What to work on:
Could the data below be printed out exactly, with the pictures left out?

Input data:
------------------------------------------------------------------------
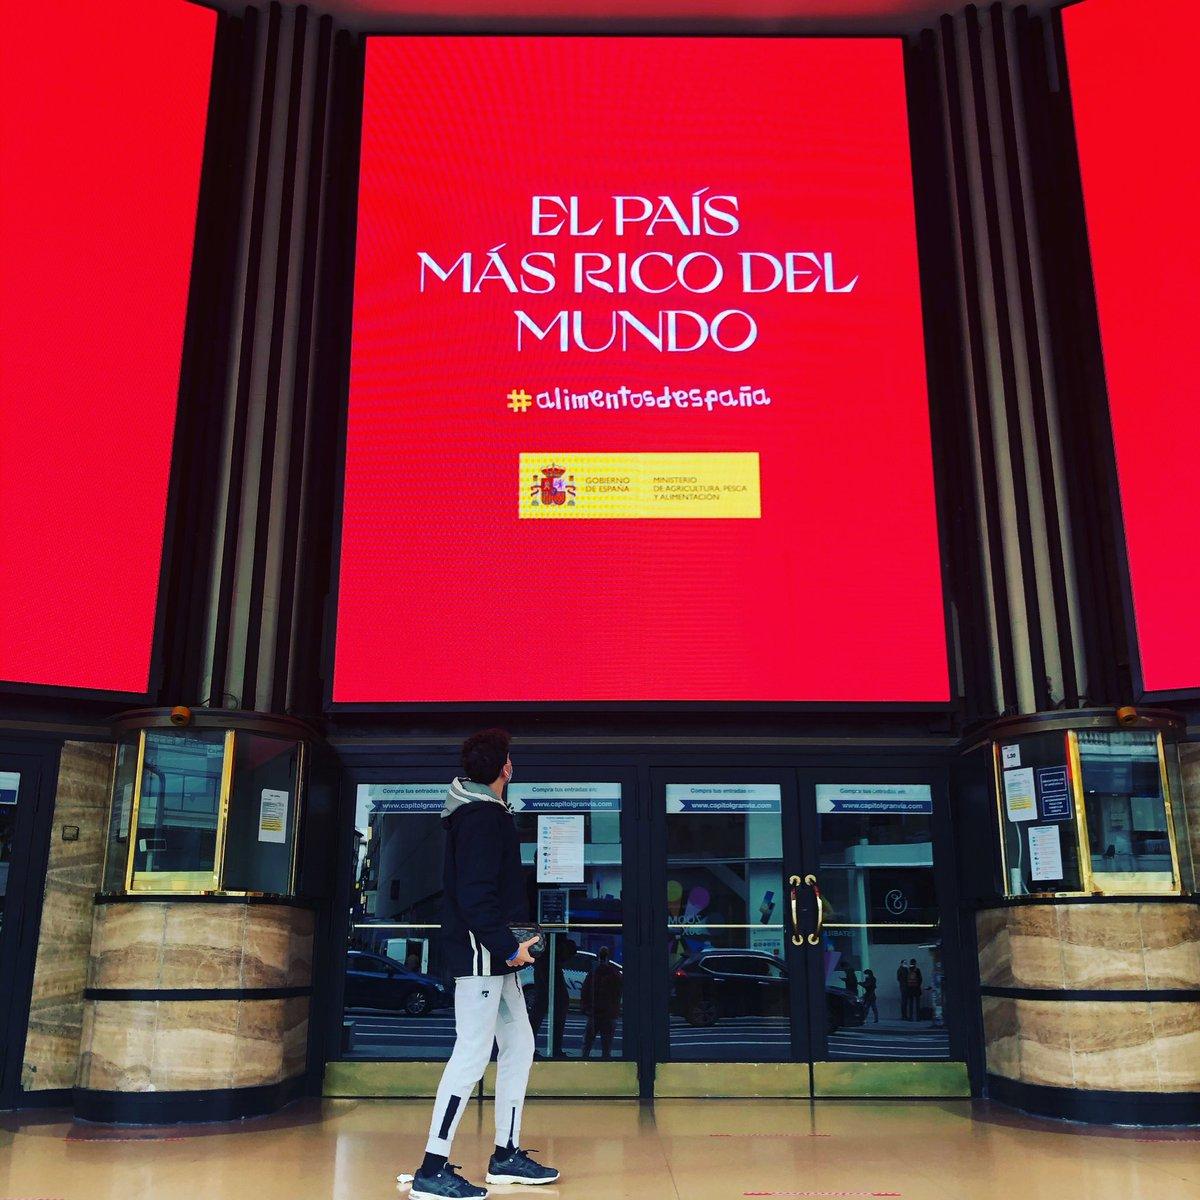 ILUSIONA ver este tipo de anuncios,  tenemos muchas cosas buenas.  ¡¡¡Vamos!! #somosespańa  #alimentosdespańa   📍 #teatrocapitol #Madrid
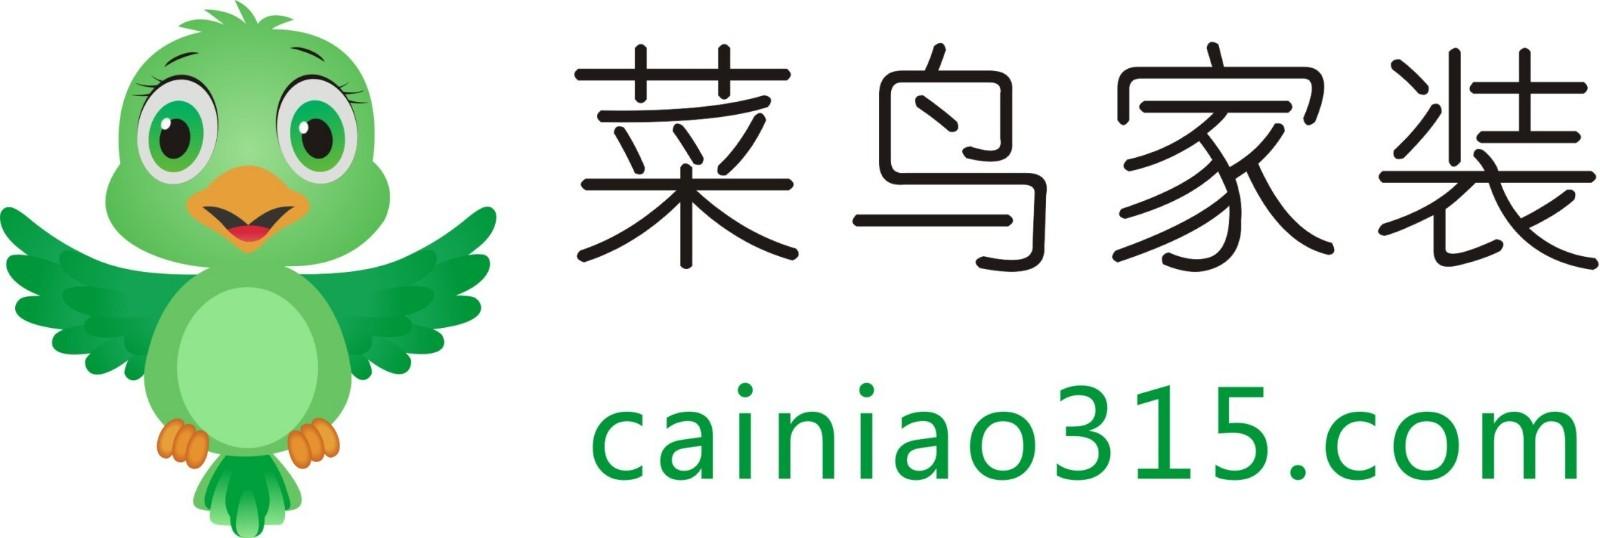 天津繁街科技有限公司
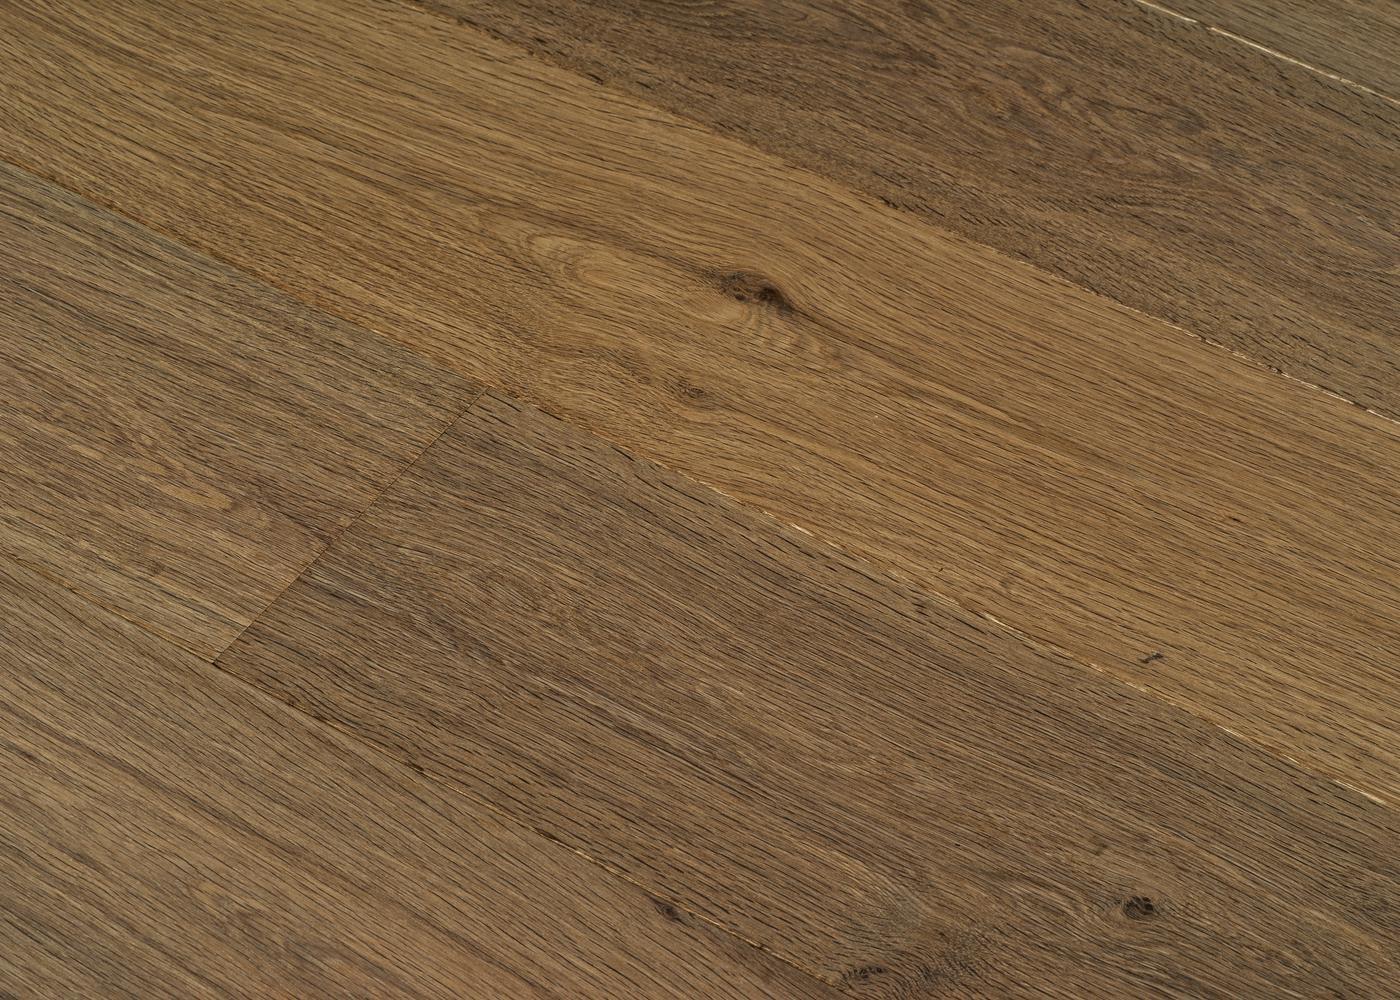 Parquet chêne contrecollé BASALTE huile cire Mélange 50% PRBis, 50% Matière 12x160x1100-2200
------------------------------------------------------------------------
Finished task:
 ILUSIONA ver este tipo de anuncios,  tenemos muchas cosas buenas.  ¡¡¡Vamos!! #somosespańa  #alimentosdespańa   📍 #teatrocapitol #Madrid
 天津繁街科技有限公司
 Parquet chêne contrecollé BASALTE huile cire Mélange 50% PRBis, 50% Matière 12x160x1100-2200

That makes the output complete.